Глава с эпилогом
Вскоре после войны образовалась компания, которую по имени ее основателя называли «тимофеевской». Время было опасное, когда больше трех собираться не рекомендовалось. А еще говорили, что каждый третий — доносчик. Но беззаботна была молодость, слишком велика тяга к общению, к дружескому разговору, к застолью у бывших фронтовиков, их молодых жен, подруг, чтобы возобладала в нас унылая подозрительность, нараставшая вокруг год от года.
Квартира и ее хозяин как нельзя лучше подходили для молодежных сборищ.
Хозяин дома Юрий Павлович Тимофеев был ярким, одаренным, красноречивым человеком лет двадцати пяти, вдохновенно влюбленным в искусство и не умеющим жить в одиночестве. Он был весьма начитан, разносторонне эрудирован, хотя, кажется, не получил систематического образования. Таких, как он, называют «богатая натура».
У него был талант собирать вокруг себя таланты, вдохновлять их, служить катализатором творчества, первым ценителем и пропагандистом. Он умел на лету схватить зачаток творческого замысла, увлечься им и увлечь самого художника. Такие, как он, умеют создать среду, где формируется искусство. Сам ничего не создав ни в одном жанре, Тимофеев всего себя отдал сотворчеству.

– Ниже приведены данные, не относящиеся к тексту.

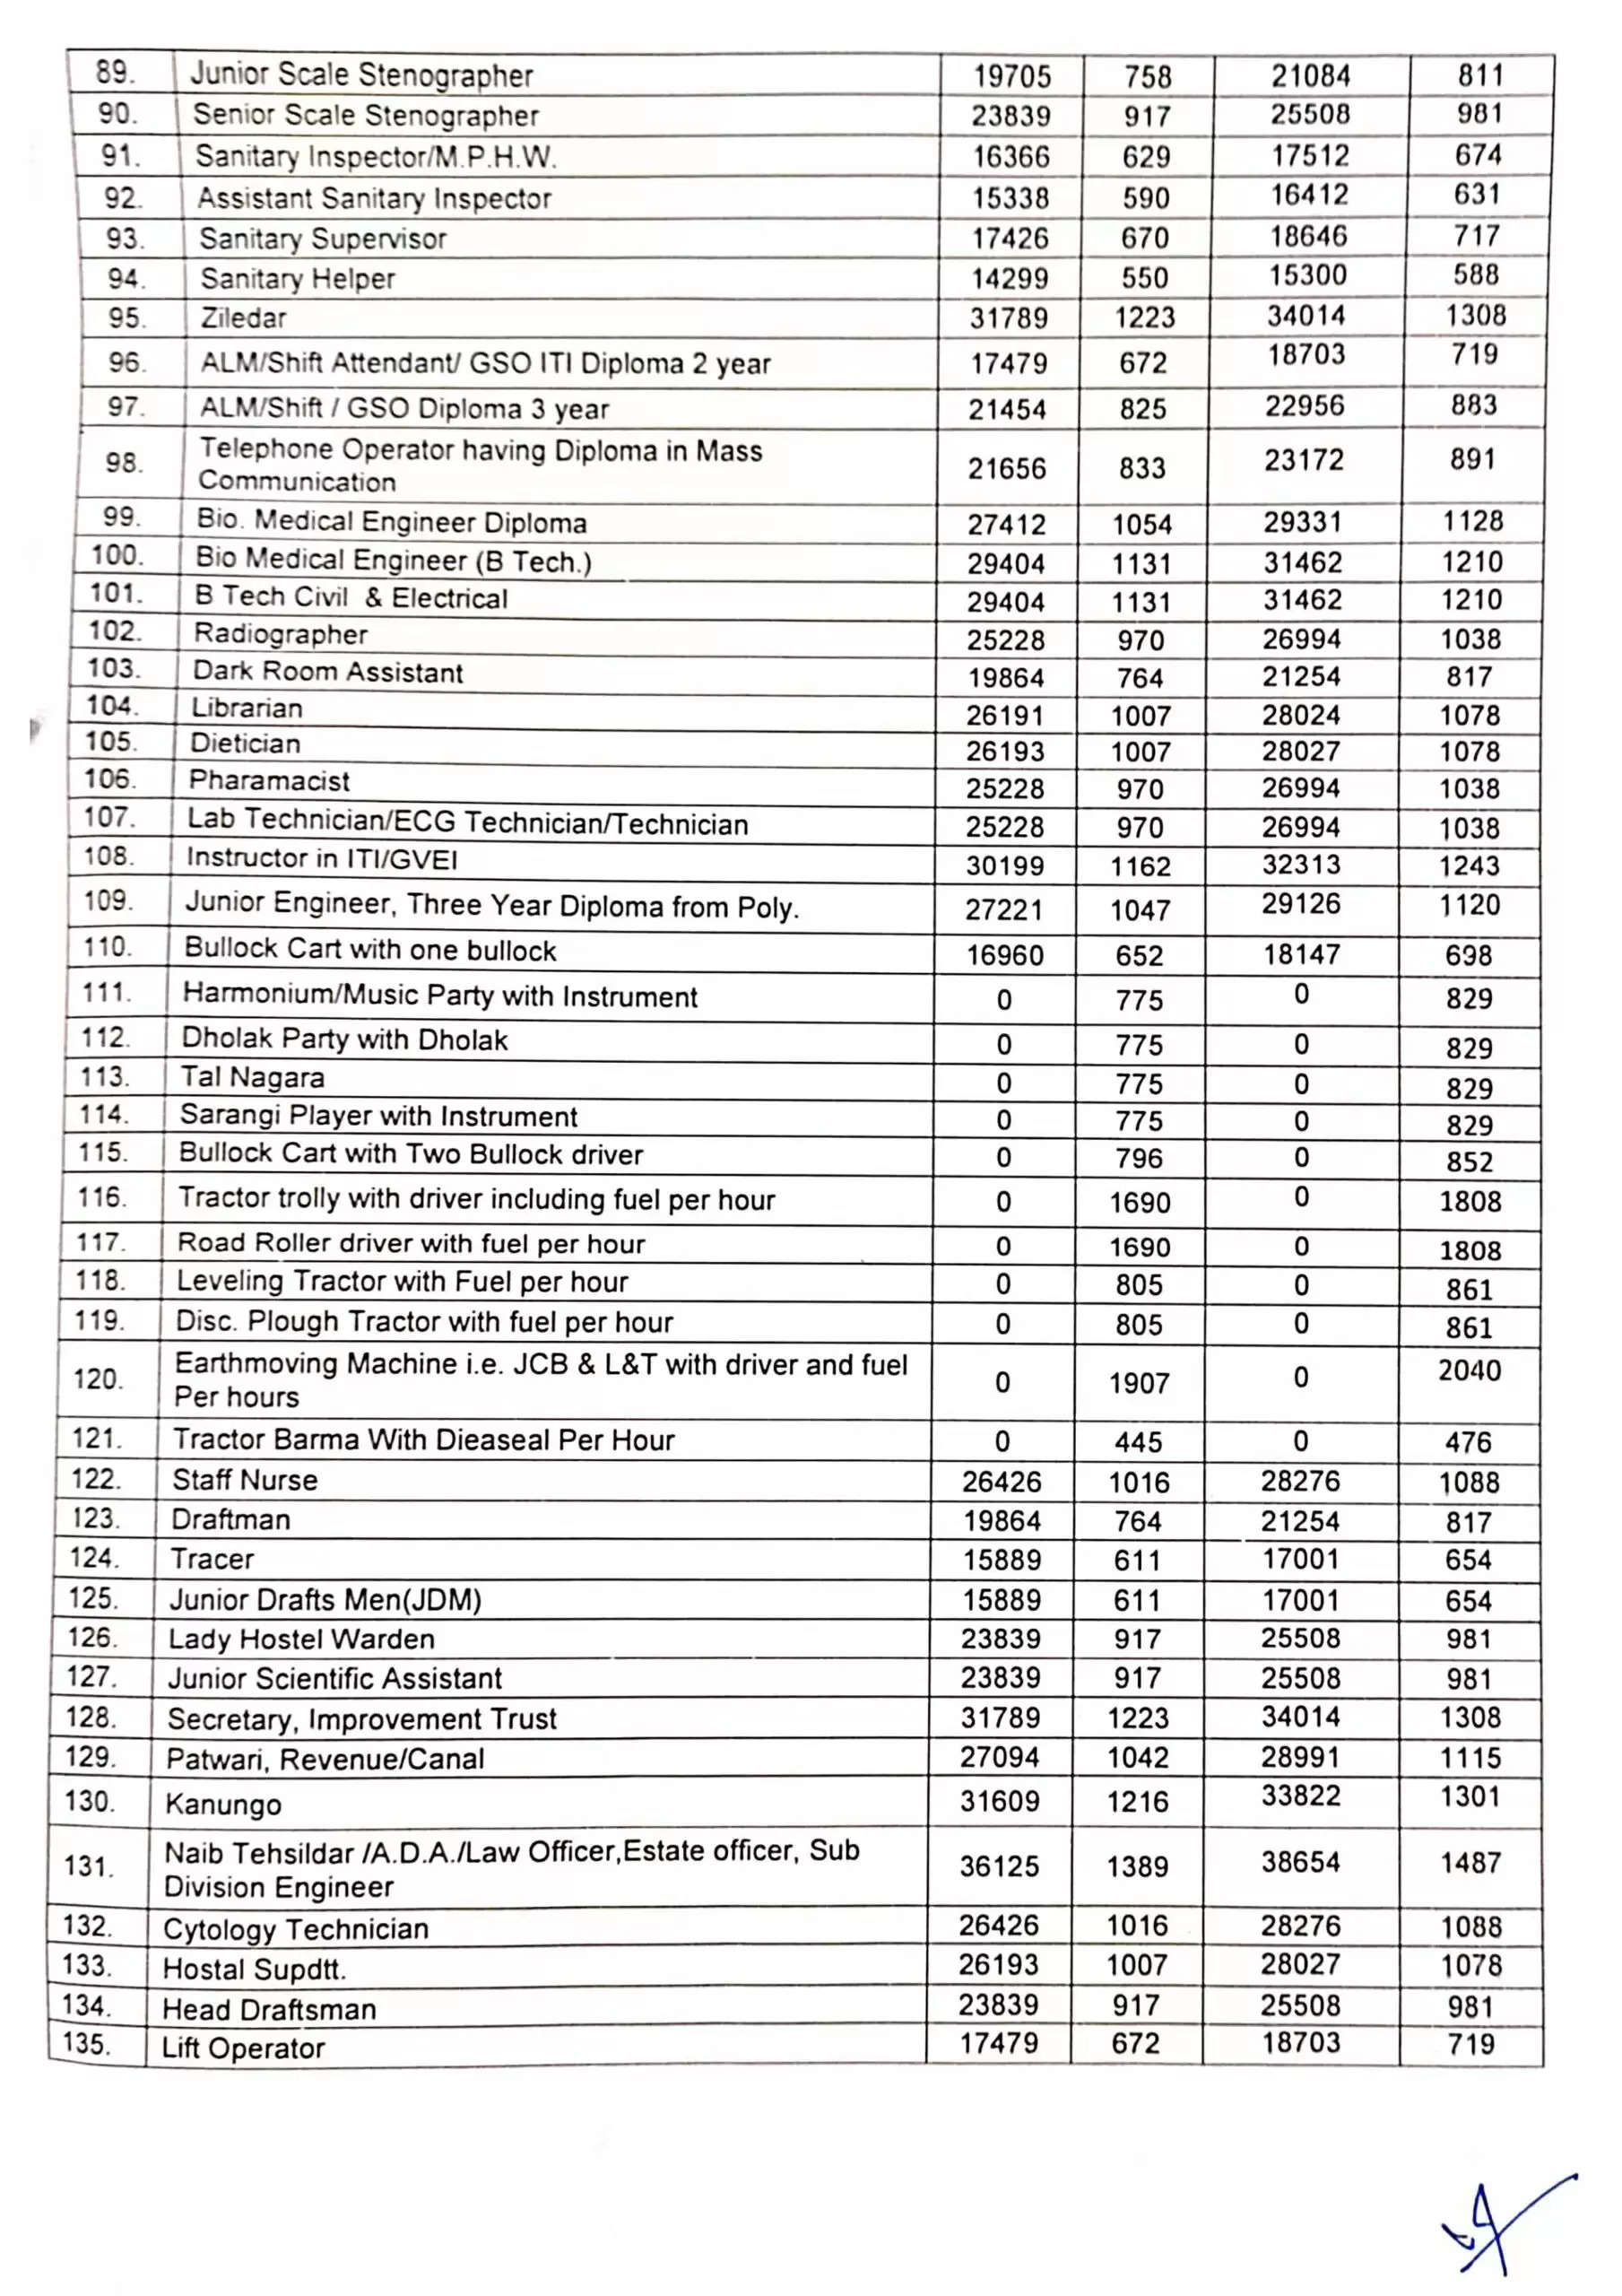 Hisar Dc Rate Job List 2021-22: हिसार में डीसी रेट निर्धारित, देखिये कौनसी नौकरी पर कितना मिलेगा वेतन ?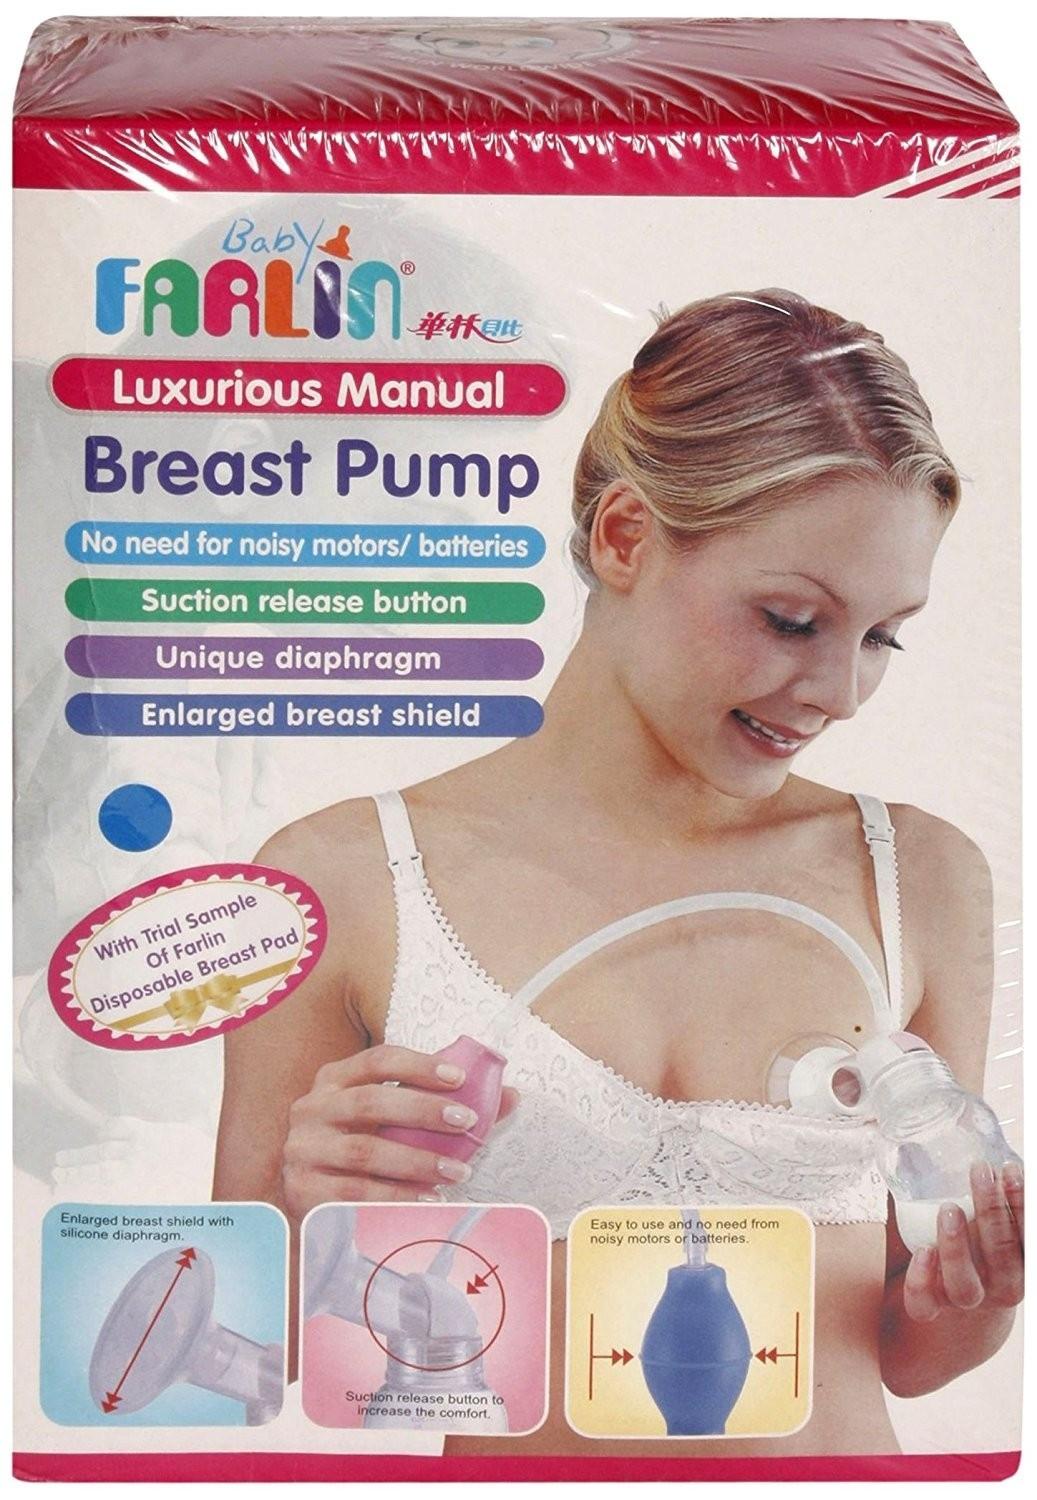 Manual Breast Pump – Farlin

Он был человек типа дягилевского и в иных условиях мог бы осуществиться с большим размахом.
Юрий Тимофеев, вплоть до своей одинокой кончины, служил в нескольких издательствах и редакциях, откуда ему неизменно приходилось уходить из‑за того, что вокруг образовывалась необычная, оживленная толчея талантов, нечто вроде тимофеевских клубов, что не соответствовало чинному духу творческих учреждений. Тимофеев уходил, а его идеями и кругом отысканных авторов долгие годы жили покинутые им ведомства.
Еще одно немаловажное достоинство Тимофеева состояло в том, что в пору коммуналок он владел помещением, удобным для сборищ в любой день и в любой час.
Он рано лишился родителей, оставивших ему жилье в первом этаже дома по Сытинскому переулку, близ Тверского бульвара. Сюда можно было постучаться в окно с улицы, не тревожа соседей звонком. Состояло оно из двух небольших комнат, где было много книг, бронзовые безделушки, старый ковер над диваном, где развешаны были старинные шпаги и рапиры. Мебель представляла собой остатки прежней роскоши: стулья и кресла красного дерева были изрядно просижены и разломаны, фортепиано разбито, покрывала и гардины пришли в ветхость.
Тимофеев работал тогда на Всесоюзном радио заместителем главного редактора вещания для детей.
Компания, регулярно собиравшаяся у него, состояла из нескольких его довоенных друзей, но, главным образом, из молодых литераторов, работавших для Детской редакции радиовещания. Все они приводили своих знакомых, кто‑то заваливался сам без спросу. Таким образом у Тимофеева перебывала уйма народу. Но состав его постоянных друзей был вполне определенным.
Почти из всех впоследствии вышел толк. Назову некоторых. А. Зак и И. Кузнецов — драматурги; В. Коростылев и М. Львовский — тоже драматурги, тогда работавшие вместе; Борис Слуцкий, тоже постоянно появлявшийся у Тимофеева, называл эти две пары «полудраматургами», за что они несколько обижались. Бывала прекрасная певица Виктория Иванова, талантливая актриса Генриетта Островская; прозаик Николай Шахбазов; редактор и писатель Борис Грибанов.
Регулярно приходил Леон Тоом с женой своей Натальей Антокольской, именуемой в просторечии Кипсой, художницей.
Там я и познакомился с Тоомом.
Они с Тимофеевым были друзья по детским играм.
Одна из них окончилась трагически. Оружие, висевшее на стене в комнате Тимофеева, сработало уже в первом действии. Играя в мушкетеров, Леон в азарте смертельно ранил одного из своих товарищей.
Возможно, что эхо невольной вины отозвалось в последнем акте его жизни. Была в нем какая‑то особая рисковость, какая‑то открытость вине и потребность искупить ее физическим риском.